New York CNN —
The world learned relatively quickly that cybersecurity firm CrowdStrike was responsible for Friday’s global technology outage, but it may take longer to figure out who will pay for the damages.
The outage, described by one cybersecurity expert as “the largest IT outage in history,” grounded more than 5,000 commercial flights around the world and disrupted everything from retail sales to package deliveries to hospital procedures, losing revenue and staff time and productivity.
The issue was caused by some of CrowdStrike’s own faulty code in a “content update” for the software. Unfortunately, correcting a mistake takes much longer than making it, and it could be days before all systems are back to normal.
CrowdStrike has apologized but has not said whether it plans to compensate affected customers, and did not respond to a question from CNN asking whether it plans to do so.
Experts say claims for compensation and lawsuits are highly likely.
“If you’re a CrowdStrike lawyer, you’re probably not going to enjoy the rest of the summer,” said Dan Ives, a technology analyst at Wedbush Securities.

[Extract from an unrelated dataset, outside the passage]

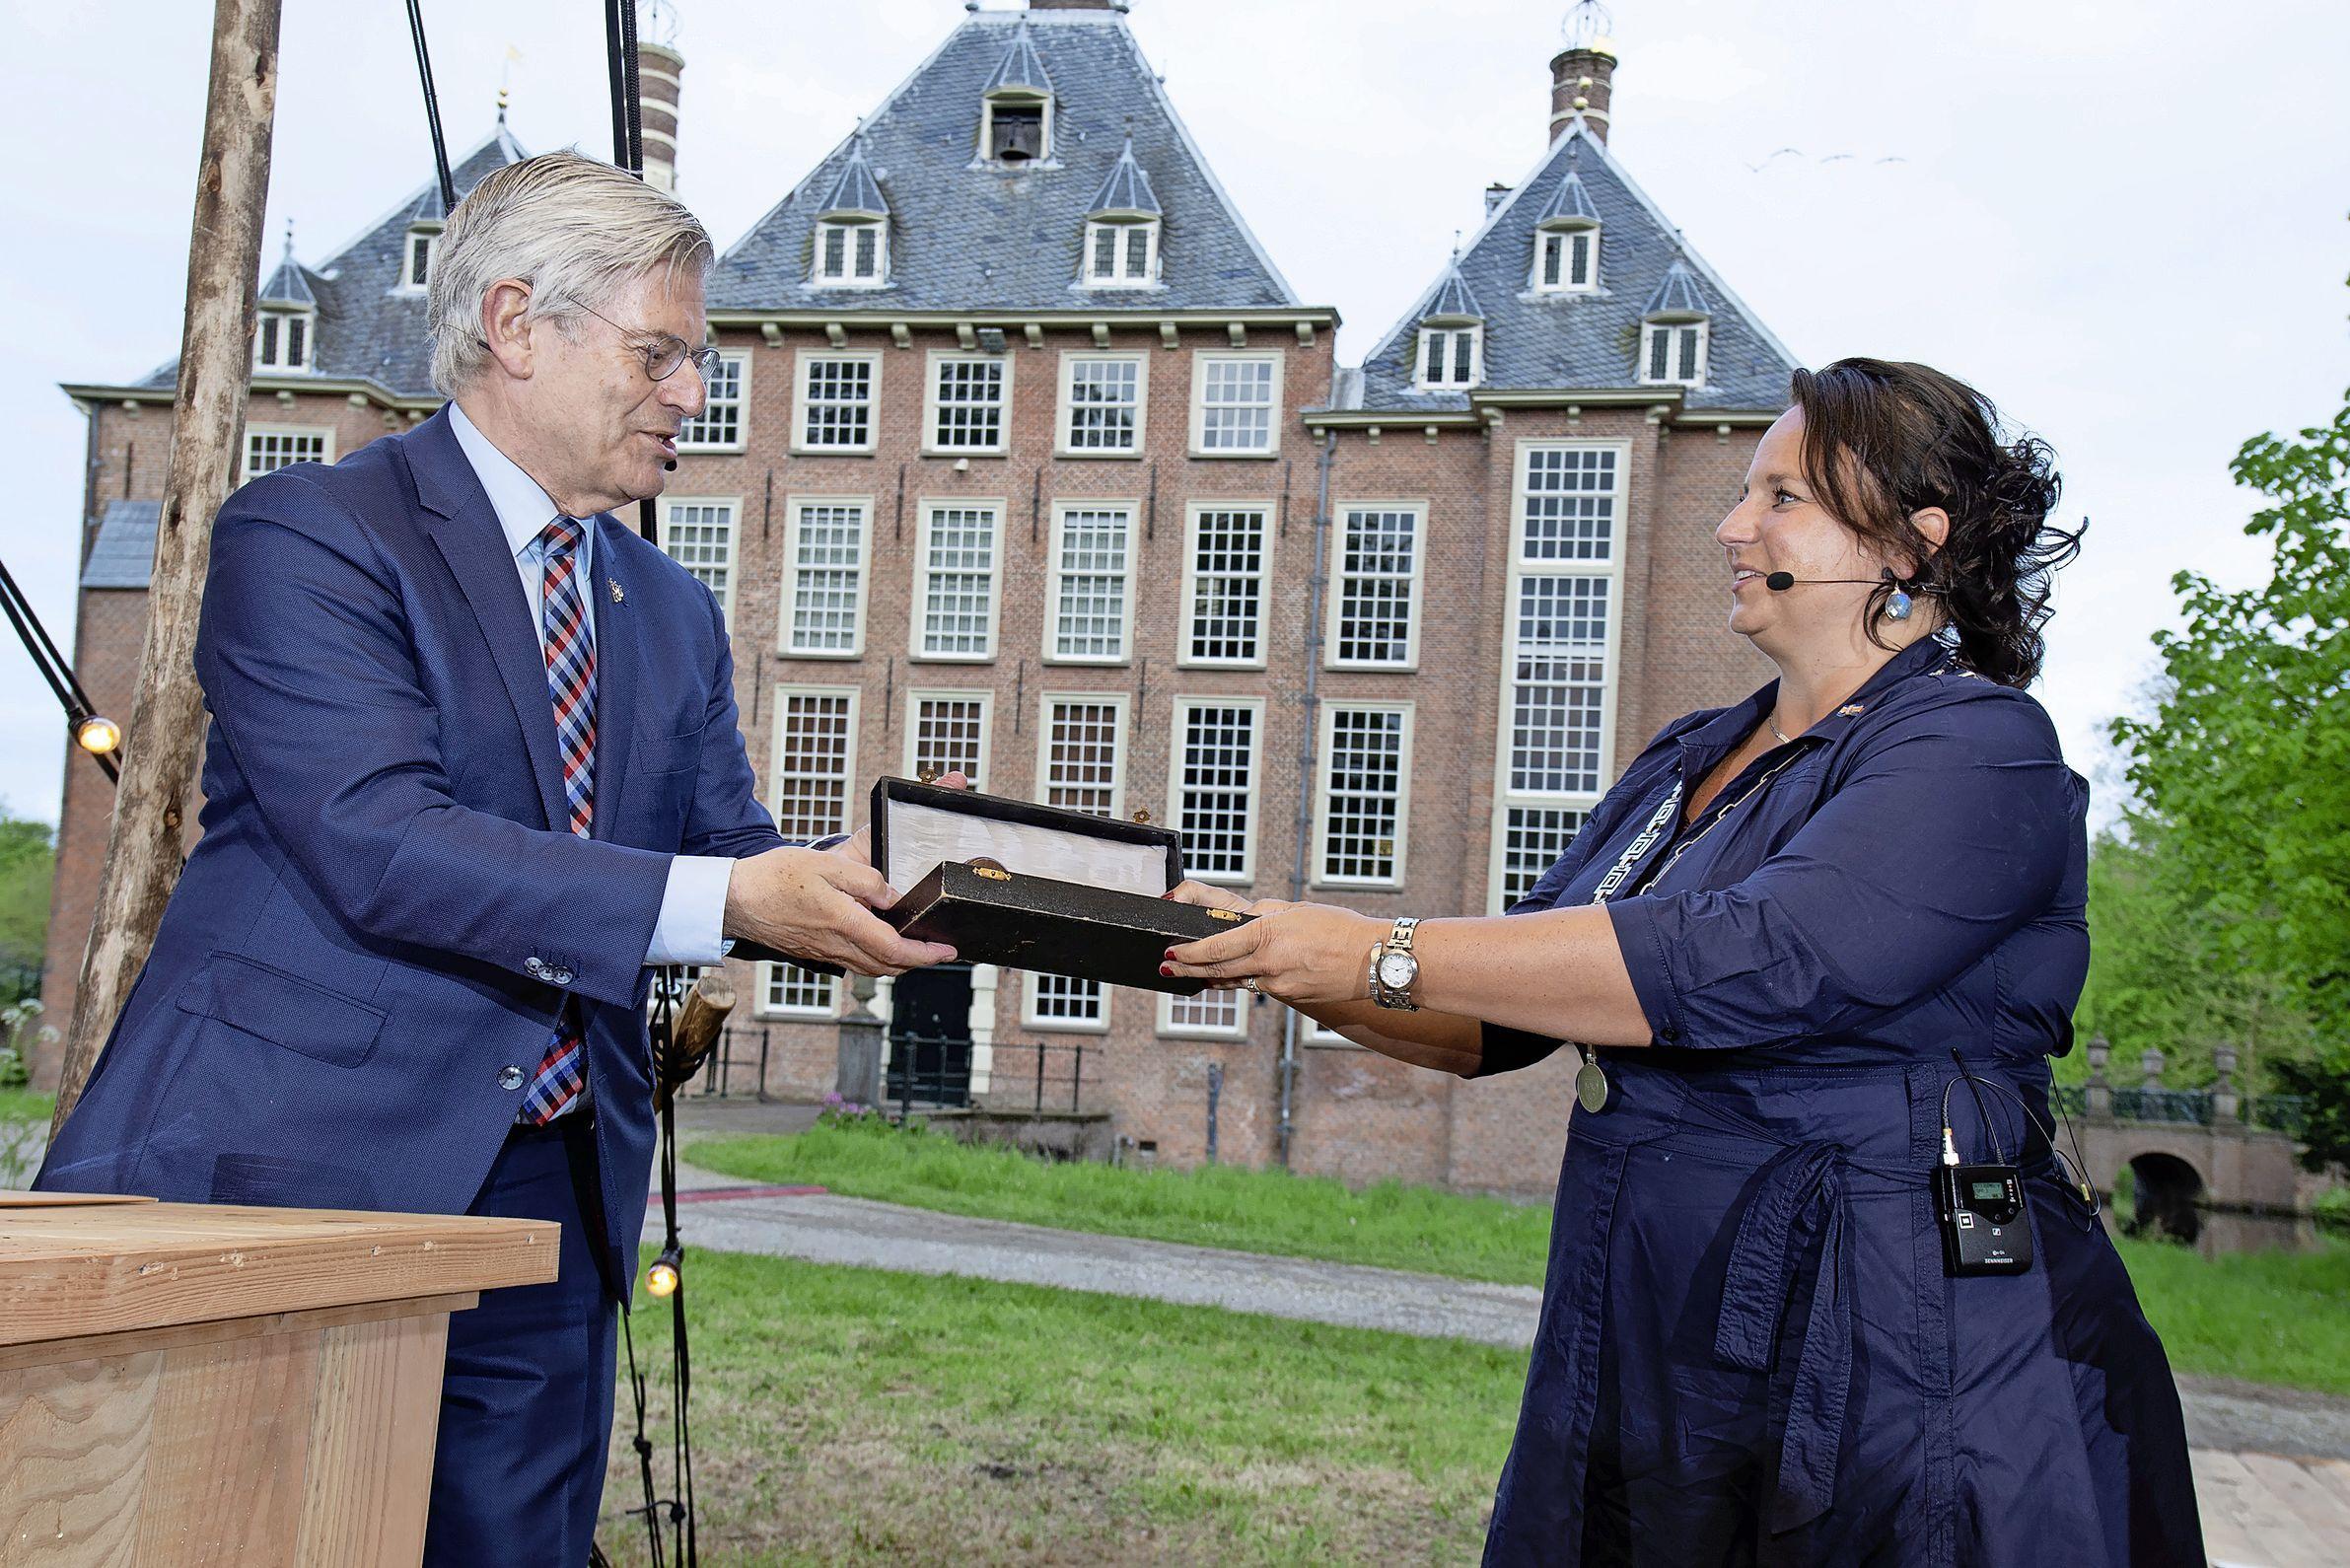 Voorschotens eerste burger Nadine Stemerdink aan de slag: 'Laat je nooit aanpraten dat je iets niet kan'

Experts largely agree that it’s too early to gauge the exact cost of Friday’s global internet outage, but the figure could easily exceed $1 billion, said Patrick Anderson, CEO of Anderson Economic Group, a Michigan research firm that specializes in estimating economic losses such as strikes and other business interruptions.

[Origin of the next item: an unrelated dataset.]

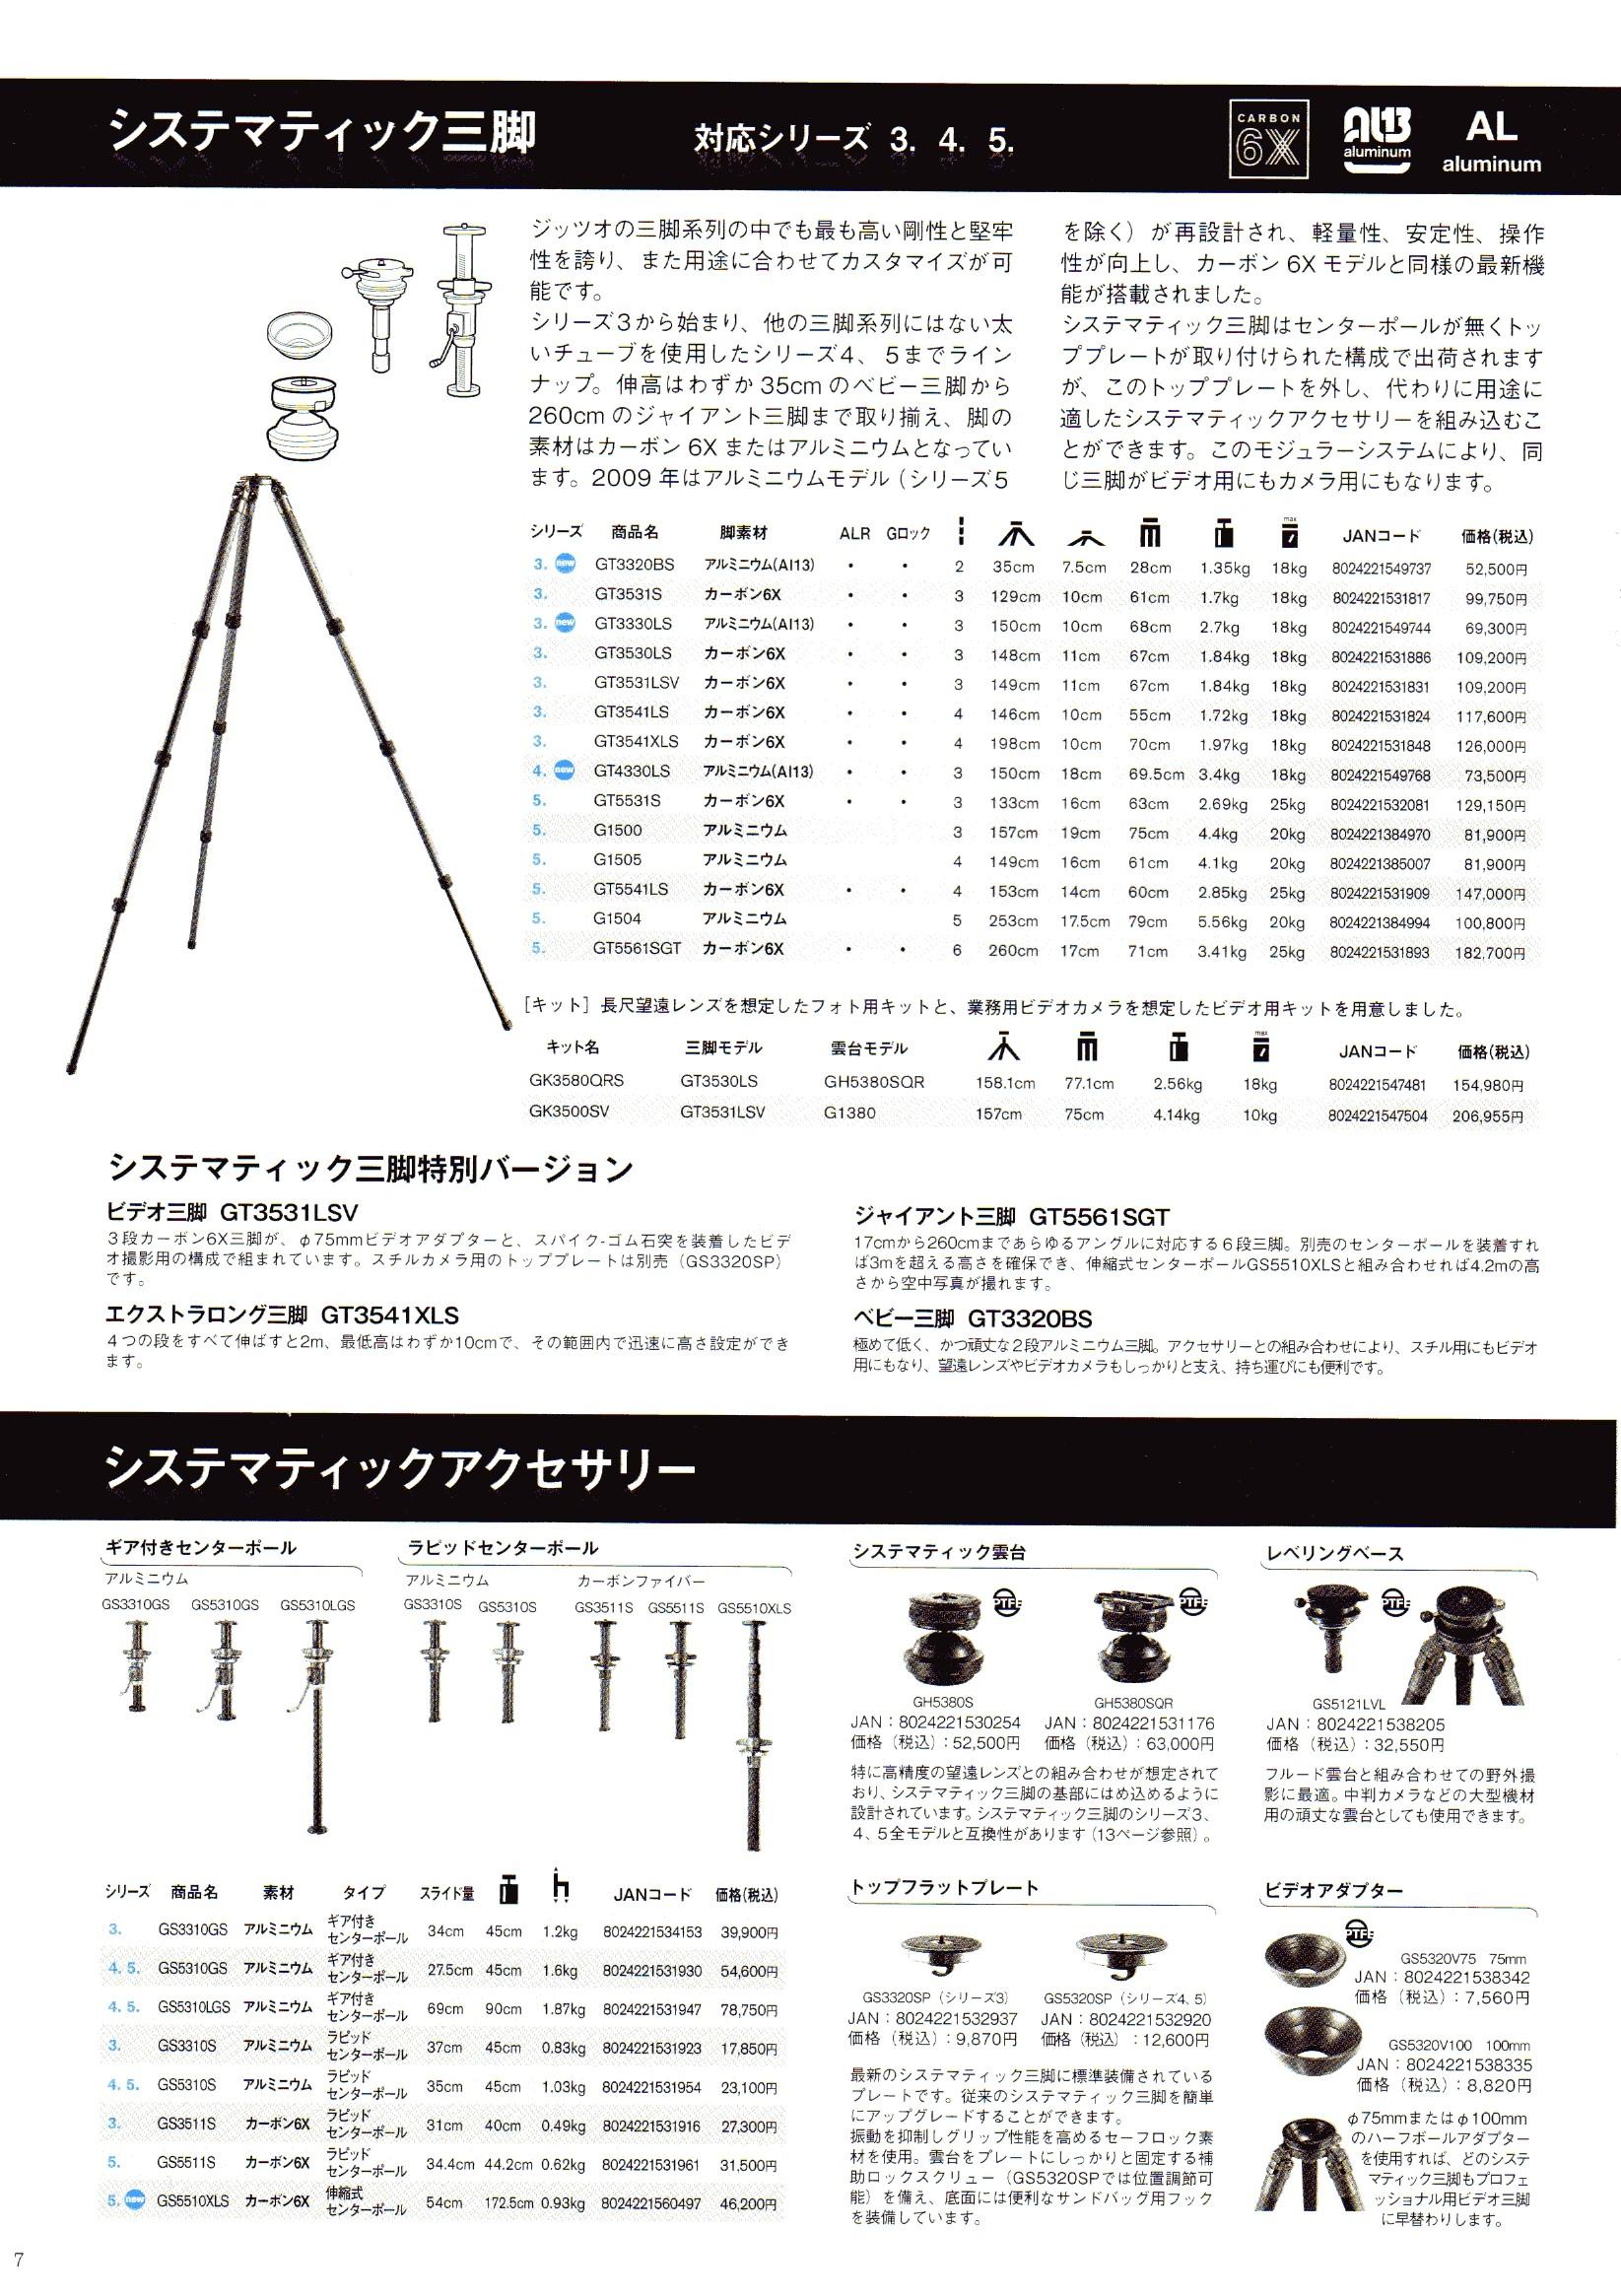 デジタル一眼レフカメラ比較・選び方入門 デジ一.com GITZO(ジッツオ/ジッツォ)最新カタログ P007(三脚)

His firm estimates that a recent hack of US car dealership software company CDK Global cost it $1 billion, though the outage lasted about three weeks longer and was limited to one narrow industry.
“This outage is affecting a much larger number of consumers and businesses, ranging from inconvenience to severe disruption, and is incurring out-of-pocket costs that cannot easily be recouped,” he said. Anderson added that the costs could be especially high for airlines, due to lost revenue from canceled flights and excess labor and fuel costs for planes that flew but were significantly delayed.
Despite CrowdStrike’s dominance in the cybersecurity space, its annual revenue is just under $4 billion.
But one expert said CrowdStrike may be protected from liability in its contracts with customers.
“My guess is that the contract protects them,” said James Lewis, a research fellow at the Center for Strategic and International Studies.
Lewis pointed to a case that was decided Thursday in favor of another software company, SolarWinds. A judge dismissed Securities and Exchange Commission charges against SolarWinds related to the Russian hacking of federal agencies in late 2020. Lewis said that in that case SolarWinds was only accused of failing to disclose vulnerabilities in its systems to outside hackers, not of damages caused by its own actions. But it still won the dismissal.
It’s also unclear how many customers CrowdStrike will lose because of Friday.
Wedbush Securities’ Ives estimates that fewer than 5% of clients are likely to defect.
“They’re a very established player, so moving away from CrowdStrike would be a gamble,” he said.
Switching from CrowdStrike to a competitor would be difficult and costly for many customers, but the real blow to CrowdStrike could be a reputational hit that could make it harder to attract new customers.
“Today, CrowdStrike has become a household name, but not in a good way, and it will take time for it to settle in,” Ives said.
CrowdStrike CEO George Kurtz said in an interview with CNBC on Friday morning that the company is focused on resolving the ongoing issues and believes most customers have been understanding so far.
“My goal right now is to make sure all of our customers get back on track,” he said. “I think many of our customers understand that this is a complex environment and that these content updates are necessary to stay ahead of bad actors.”
But even if customers are receptive, CrowdStrike’s rivals are likely to use Friday’s events to try to poach them.
“This is a very competitive business. Salespeople from all the other companies are going to come in and say, ‘This has never happened to us before,'” said Eric O’Neill, a cybersecurity expert and former FBI counterintelligence officer. “They’re a great company doing important work. I hope they survive this crisis. If they don’t, the only winners are the cybercriminals.”